In some cases, the staff will notify companies and proponents of its decision by email, and then later the same day make the decision publicly available in the chart, she said. While some responses will be oral, others will still receive a letter. Any staff response letters will be linked in the chart, she noted.
September announcement. The new approach, which was announced in September, involves responding to some no-action requests orally instead of in writing. In the summer, division director Bill Hinman discussed the plan, stating that if the staff "gets out of the way," it could lead to improved engagement.
The announcement has generated a considerable amount of uncertainty among stakeholders, but Parratt reassured them that the three possible positions—grant, denial, or declining to express a view—is what the staff has always done. Moreover, she believes that chart will make it easier to track the staff’s work on no-action letters.
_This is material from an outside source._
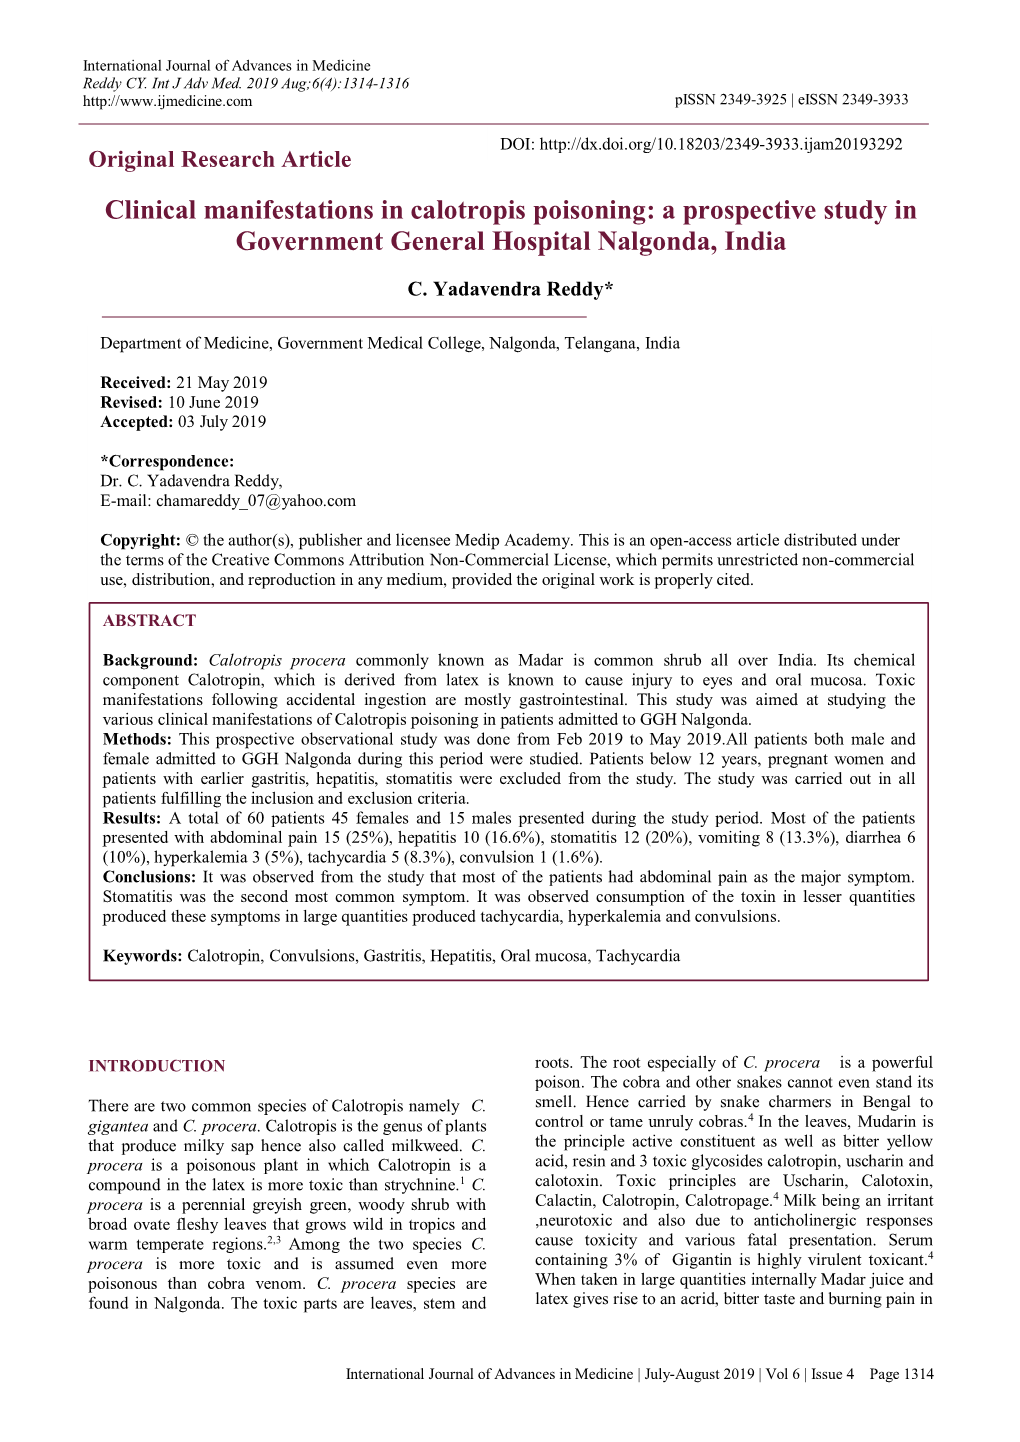 Clinical Manifestations in Calotropis Poisoning: a Prospective Study in Government General Hospital Nalgonda, India

Morrison and Foerster’s Martin Dunn concurred that in the September announcement the staff just reiterated the same three options that have always existed. He noted that if the staff decides not to state a view, it simply means that it is not getting involved and the parties are free to litigate the matter. He said that he hopes that declining to state a view does not become the norm this proxy season.
Dunn, who spent a number of years working with no-action letters at the SEC, thinks that oral advice makes sense from a time-management perspective. He cited instances in which proponents submit a lot of letters on an issue, many of which do not advance the matter. It can take up a lot of the staff’s time to maintain those files, he noted, and oral advice would eliminate that.
Concerns about the approach. Dunn does have one concern about oral no-action advice. If the staff calls the proponent, and then calls corporate counsel, how can counsel be sure that the two parties heard the conversation the same way, he said.
Elizabeth Ising, a partner at Gibson Dunn and frequent author of no-action requests, said that she is not too worried about the staff delivering decisions orally. She is concerned about the instances in which the staff issues no decision. Clients are not going to like the uncertainty, she noted, and having to decide whether or not to litigate the matter.
Glass Lewis. Dunn noted that proxy adviser Glass Lewis has decided to take a hard line with respect to the new no-action approach. It recently released its policy stating that in cases where the staff states no view, Glass Lewis will recommend against the company’s governance committee.
Glass Lewis went a step further, stating that if no-action advice is given orally, it expects to see disclosure about it in a company’s proxy. If there is no written record, Glass Lewis plans to give a negative recommendation on the company’s governance committee.
On this point, Stephen Brown, a senior adviser at the KPMG Board Leadership Center, recommended that companies disclose oral no-action advice or the staff’s decision to take no position somewhere in their proxy statements. It is a good idea to demonstrate to investors that the company has gone through the process and heard from the staff, he said.